= List of companies affected by the dot-com bubble =

This is a list of companies that were affected by the dot-com bubble.

== Companies ==
- 3Com: Shares soared after announcing the corporate spin-off of Palm, Inc.
- 360networks: A fiber optic company that had a market capitalization of over $13 billion but filed for bankruptcy a few months later.
- AboveNet: Its stock rose 32% on the day it announced a stock split.
- Actua Corporation (formerly Internet Capital Group): A company that invested in B2B e-commerce companies, it reached a market capitalization of almost $60 billion at the height of the bubble, making Ken Fox, Walter Buckley, and Pete Musser billionaires on paper.
- Airspan Networks: A wireless firm; in July 2000, its stock price doubled on its first day of trading as investors focused on telecommunications companies instead of dot-com companies.
- Akamai Technologies: Its stock price rose over 400% on its first day of trading in October 1999.
- AltaVista: A Web search engine established in 1995. It became one of the most-used early search engines, but lost ground to Google and was purchased by Yahoo! in 2003.
- Alteon WebSystems: Its shares soared 294% on its first day of trading.
- Amazon.com: The company's stock fell over 90% across two years, from a high of US$107 to a low of US$7. Amazon stock briefly recovered in 2007, but again dropped in the 2008 market crash and did not recover until 2010.
- Beenz.com: A website where digital currency called Beenz was earned by shopping online, visiting websites etc.

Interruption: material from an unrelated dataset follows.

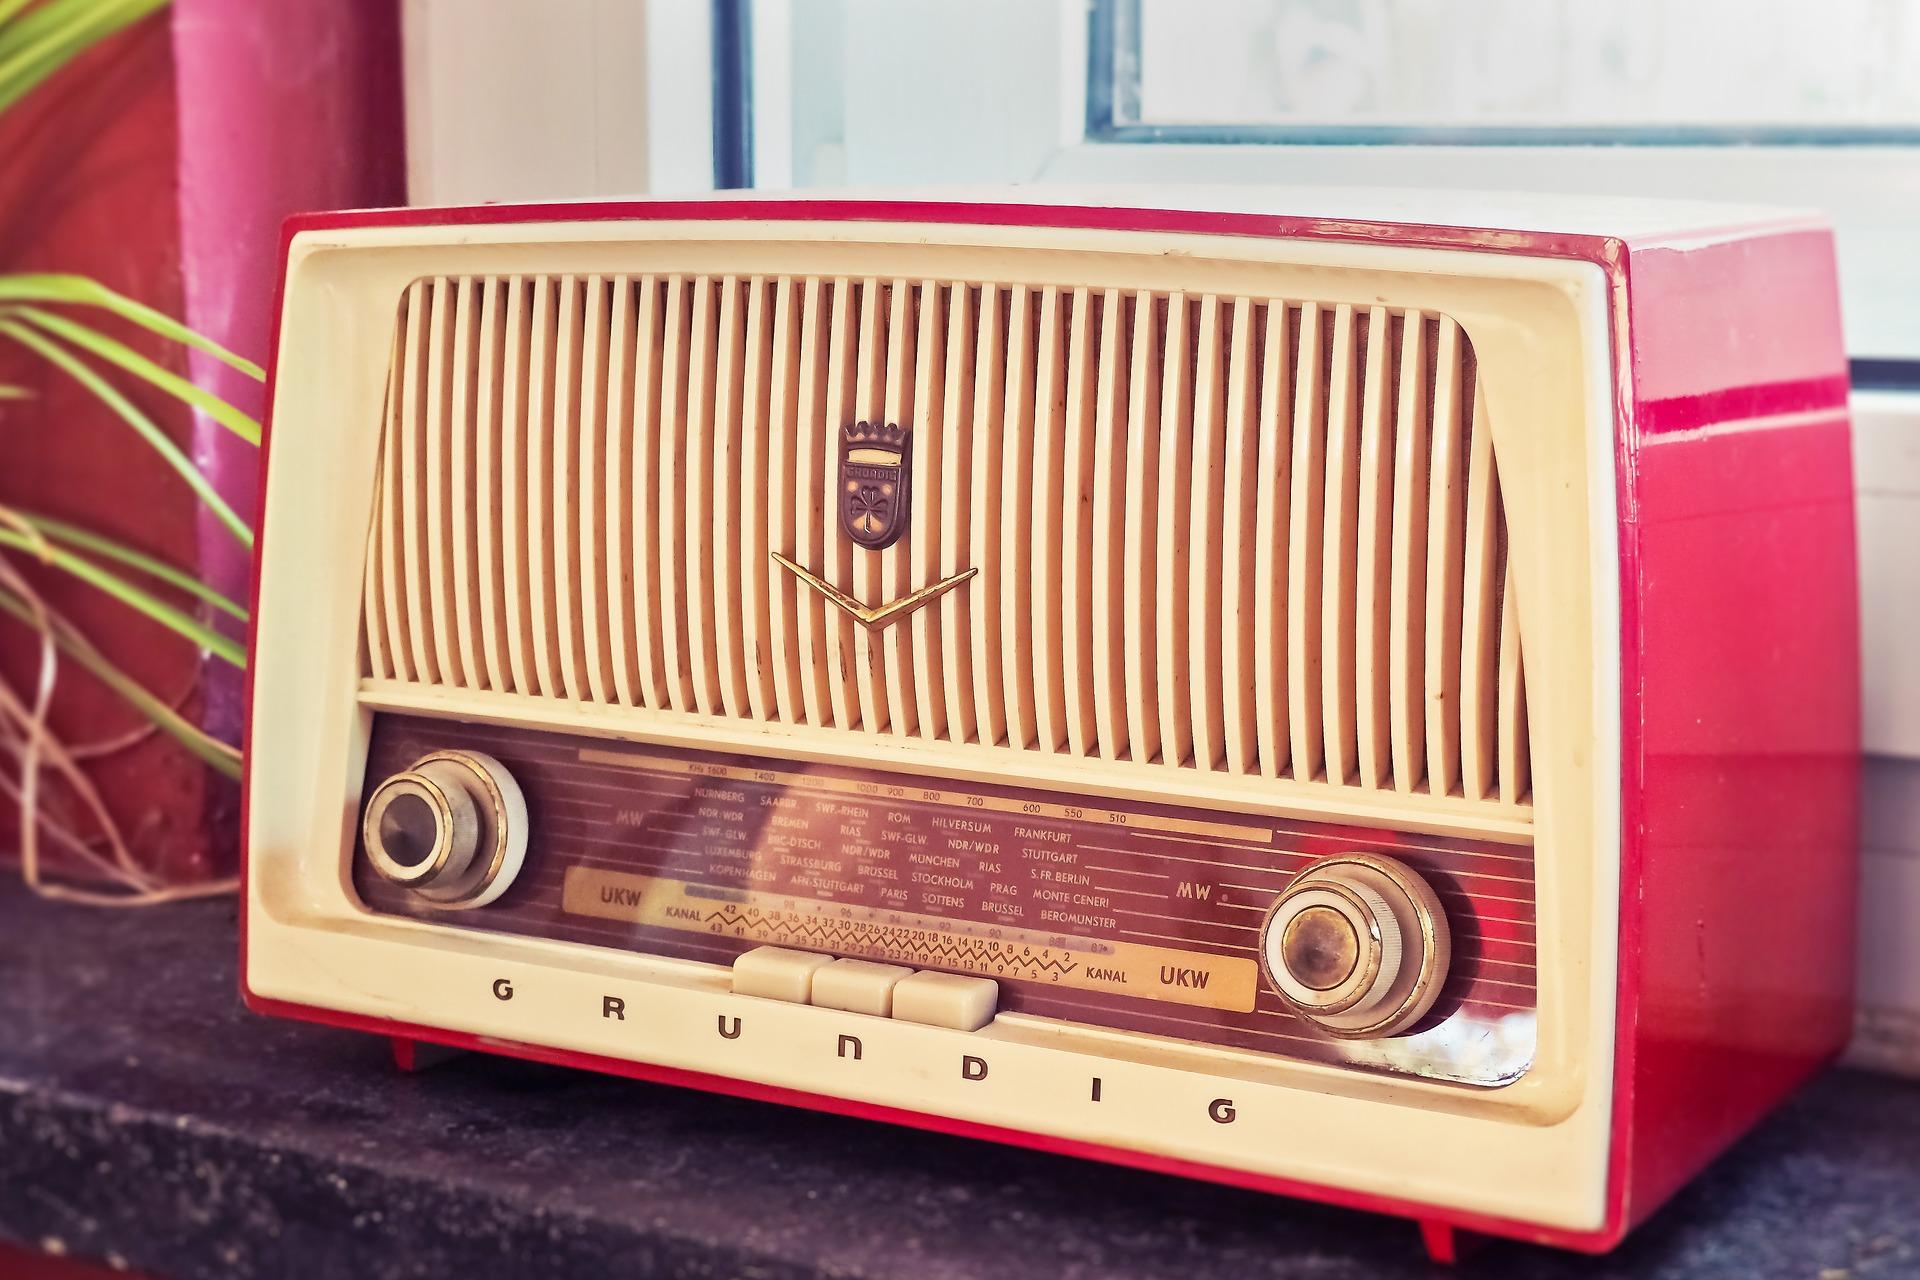 radio-3623299_1920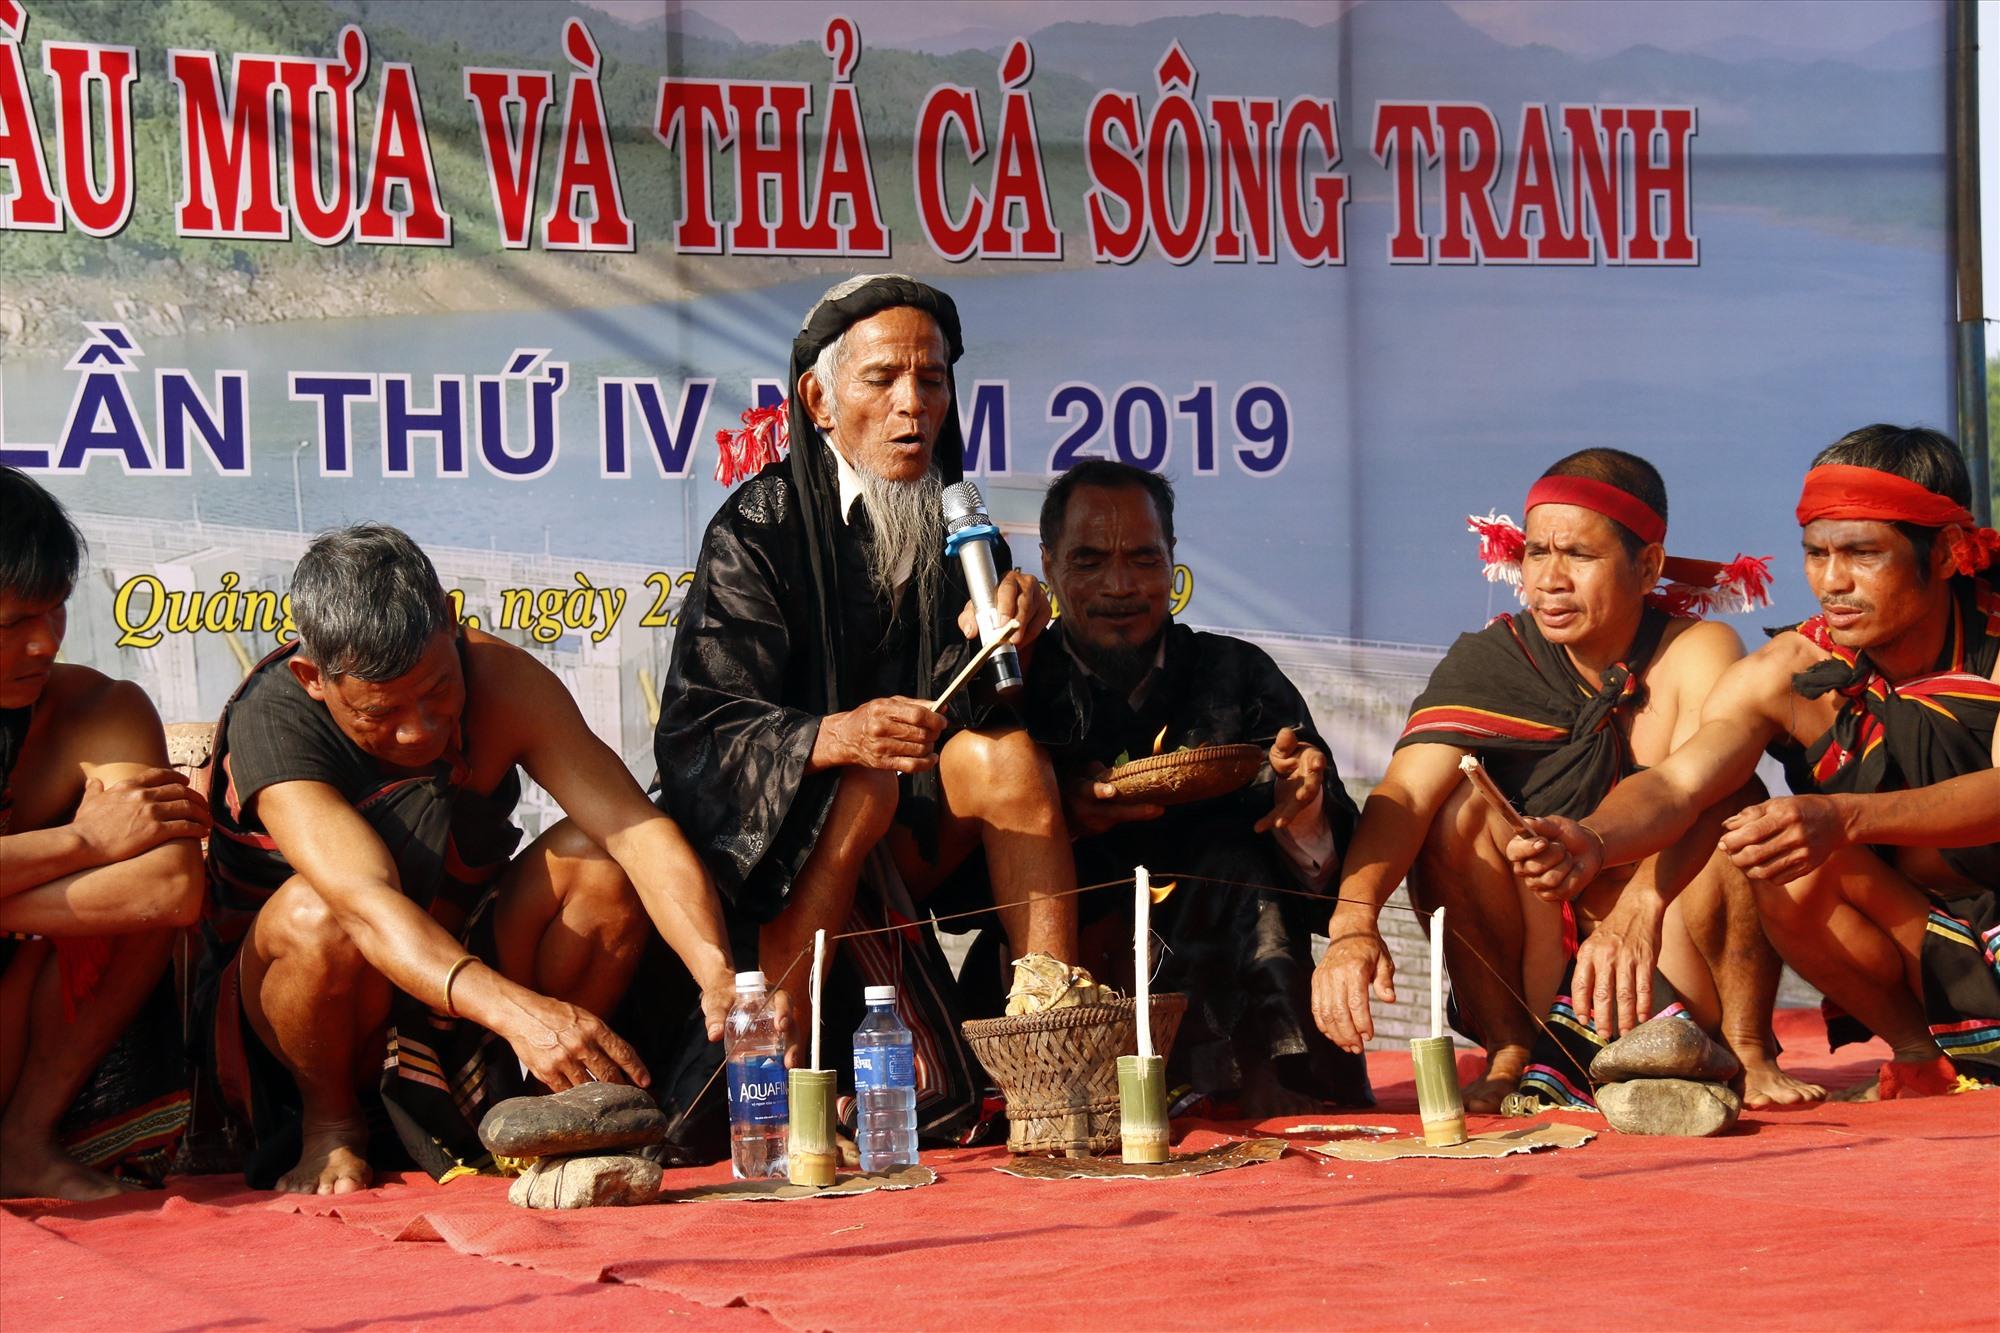 UBND huyện Bắc Trà My tổ chức tái hiện lễ hội cầu mưa truyền thống tại lễ thả cá trên lòng hồ thủy điện Sông Tranh 2 đầu năm 2019. Ảnh: TRÀ MY

- Blucora (then InfoSpace): Founded by Naveen Jain, at its peak its market cap was $31 billion and was the largest Internet business in the American Northwest. In March 2000, its stock price reached $1,305 per share, but by 2002 the price had declined to $2.
- Blue Coat Systems (formerly CacheFlow): Its stock price rose over 400% on its first day of trading in November 1999.
- Boo.com: An online clothing retailer, it spent $188 million in just six months. It filed for bankruptcy in May 2000.
- Books-A-Million: A book retailer whose stock price soared from around $3 per share on November 25, 1998, to $38.94 on November 27, 1998, and an intra-day high of $47.00 on November 30, 1998, after it announced an updated website. Two weeks later, the share price was back down to $10. By 2000, the share price had returned to $3.
- Broadband Sports: A network of sports-content websites that raised over $60 million before going bust in February 2001.
- Broadcast.com: A streaming media website that was acquired by Yahoo! for $5.9 billion in stock, making Mark Cuban and Todd Wagner multi-billionaires. The site is now defunct.
- CDNow: Founded by Jason Olim and his brother, it was an online retailer of compact discs and music-related products that reached a valuation of over $1 billion in April 1998. In 2000, it was acquired by Bertelsmann Music Group for $117 million and was later shut down.
- Chemdex.com: A company founded by David Perry that operated an online marketplace for businesses, it reached a market capitalization of over $7 billion despite minimal revenues.
- Cisco: While remaining a dominant presence in IT hardware and services, Cisco's stock price dropped over 89% during the dot-com bubble and as of 2022 had not recovered to its peak price from early 2000.
- Cobalt Networks: Its stock price rose over 400% on its first day of trading; acquired by Sun Microsystems for $2 billion in December 2000.
- Commerce One: A business-to-business software company that reached a valuation of $21 billion despite minimal revenue.
- Covad: Shares rose fivefold within months of its IPO.
- Cyberian Outpost: One of the first successful online shopping websites, it reached a peak market capitalization of $1 billion. It used controversial marketing campaigns including a Super Bowl ad in which fake gerbils were shot out of a cannon. It was acquired by Fry's Electronics in 2001 for $21 million, including the assumption of $13 million in debt.
- CyberRebate: Promised customers a 100% rebate after purchasing products priced at as much as 10 times the retail cost. It went bankrupt in 2001 and stopped paying rebates.
- Digex: one of the first Internet service providers in the United States, its stock price rose to $184 per share; the company was acquired for $1 per share a few years later.
- Digital Insight: Its shares soared 114% on its first day of trading.
- Divine: Founded by Andrew Filipowski, it was modeled after CMGI. It went public as the bubble burst and filed for bankruptcy after executives were accused of looting a subsidiary.
- DoubleClick: An online advertising company that soared after its IPO, it was acquired by Google in 2007.
- eGain: Its stock price doubled shortly after its 1999 IPO.
- Egghead Software: An online software retailer, its shares surged in 1998 as investors bought up shares of Internet companies; by 2001, the company was bankrupt.
- eToys.com: An online toy retailer whose stock price hit a high of $84.35 per share in October 1999. In February 2001, it filed for bankruptcy with $247 million in debt. It was acquired by KB Toys, which later also filed for bankruptcy.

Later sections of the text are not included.